Source: Calculated from Virginia Department of Health data, available at this URL.
Virginia’s COVID-19 case count includes both confirmed and probable cases. And that’s a good thing, because the technology of testing has changed over the course of the pandemic.
Confirmed cases are those who test positive with a PCR test for COVID. These tests have to be processed at laboratories that can perform the DNA sequencing needed to identify COVID-19 DNA. These typically require a nasal swab, but there are also DNA-based “spit tests”.
Probable cases are of two sorts, per the Virginia Department of Health usage. One, they can either test positive using an antigen test, which reacts to certain proteins on the surface of COVID-19. (These are, in general, faster but less sensitive than PCR (DNA) tests. They still require some sort of nasal or saliva specimen.) Two, they can have some symptom of COVID and have a known exposure to a COVID-19 infected individual.
(Note: Antigen test are not the same as blood-based antibody tests. Antigen tests flag the presence of an active COVID infection by detecting the virus on nasal membranes or in saliva. Blood antibody tests flag individuals who have recovered from some past COVID infection. They flag the long-term byproducts of the body’s immune system response to COVID.)

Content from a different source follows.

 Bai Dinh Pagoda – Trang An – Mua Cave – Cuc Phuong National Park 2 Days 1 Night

It’s tough to say for sure, but as I read the numbers, the vast majority of our “probable” cases are from positive antigen tests. That’s based on the count of positive antigen tests on the Virginia Department of Health website. And inferred less directly from the relatively modest share of new cases for which Virginia obtains usable contact-tracing information. (As I do the math, I think that Virginia is only able to get information about any close contacts in about 12% of all new COVID cases. That’s a combination of about 40% of new cases interviewed, and about 30% of those providing their contact information.)
And so, as the technology for testing has changed, Virginia’s numbers have kept pace. To the extent that the rapid-reading antigen tests are displacing PCR (DNA) tests, the probable cases need to be included in the totals in order to keep track of all positive test results.

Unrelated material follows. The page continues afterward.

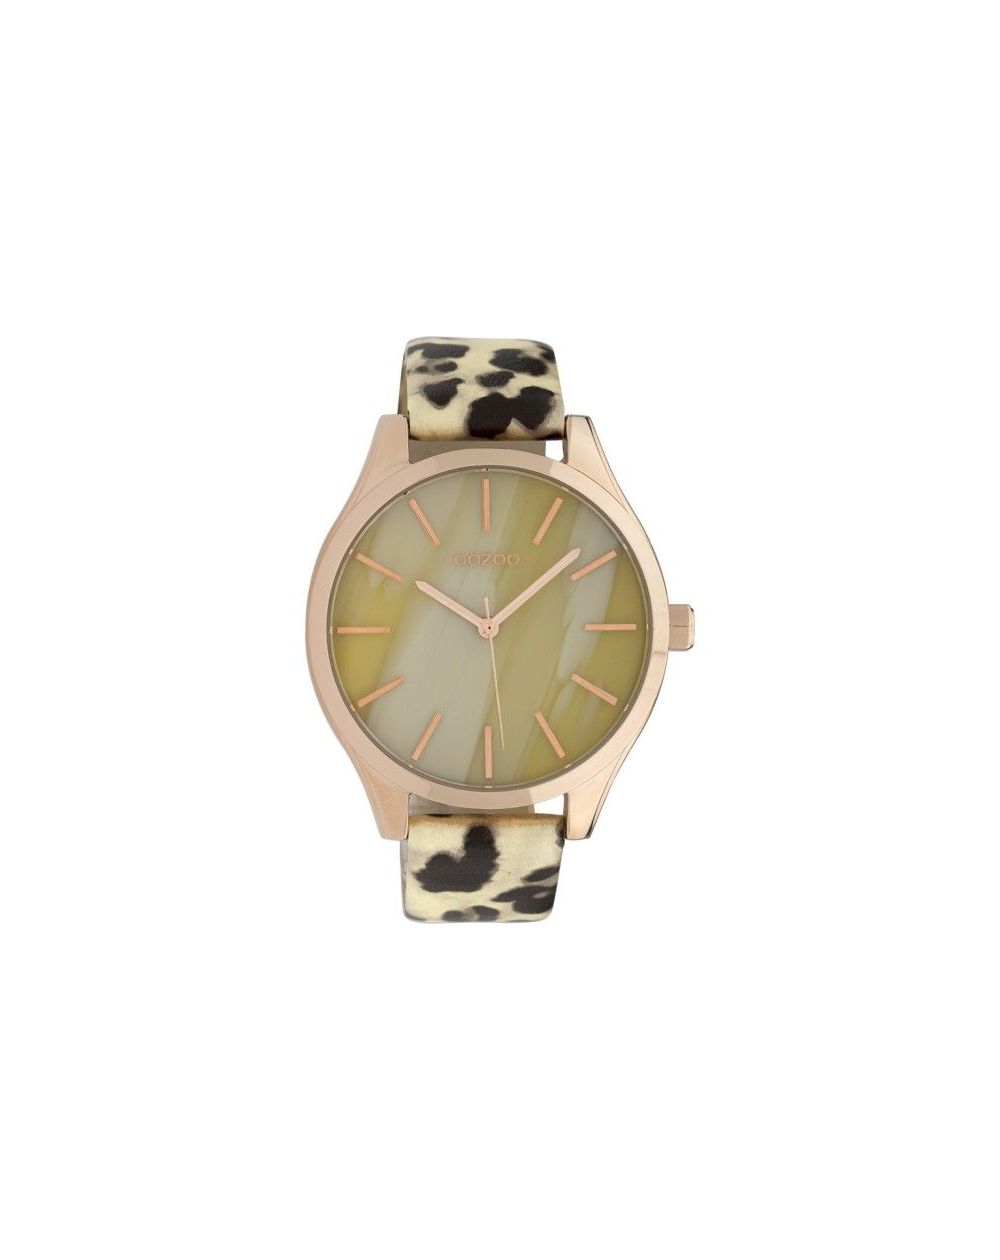 Montre Oozoo Timepieces C9790 light leopard - Marque de montre Oozoo

Other states made one-point-in-time decisions to include those antigen-test “probable” cases in their case counts. That can lead to large one-point-in-time reporting anomalies, as documented in Post #912. Based on the experience of North Dakota and other states, at least some state consortia have made that the standard.
(There is a nuance here, based on exactly how CDC defines probable cases, versus how the states are defining it. Nobody but the most nerdly will care, but CDC requires something in addition to an antigen test in order to classify a case as probable. Basically, you have to have symptoms or have been exposed, before CDC will accept a “spit test” as evidence of probably COVID-19. By contrast, based on the plain language, Virginia (and ND) count anyone with a positive antigen test as a probable COVID-19 case.)
Finally, let me get to the point: Adjacent jurisdictions may or may not include those probable cases in their counts.
Maryland does not include those cases. The Maryland COVID-19 dashboard counts confirmed cases only and explicitly mentions PCR tests only.
The District of Columbia COVID-19 dashboard is unclear about whether or not they include those cases. But because they require a confirmatory PCR test for those who have a positive antigen test, my guess is that DC probably does not include those in their counts.
Today, the Washington Post shows the Virginia new case count at 33, and the Maryland new case count at 18 (seven-day moving average, new COVID-19 cases / 100,000 / day). That looks like a fairly large discrepancy, for two states that were more-or-less in lockstep for most of the pandemic.
But if I net those “probable” cases out of the Virginia data, the apples-to-apples comparison is 23 in Virginia versus 18 for Maryland. Which is much more in line with their historical relationship.
My first conclusion at this time is that antigen testing has become so commonplace that states really need to include those in their counts. It’s not crystal clear, but to the extent that these are displacing PCR (DNA) tests, then I think the case for including them is compelling.
My second conclusion is that, beyond a handful of states, I have no clue which states do and don’t include them. And that the difference in the count — 30% in the case of Virginia — is material. In this case, it made it look as if Virginia’s recent experience was much worse than that of Maryland. When, in fact, accounting for the missing “probable” cases, the new case counts are roughly comparable.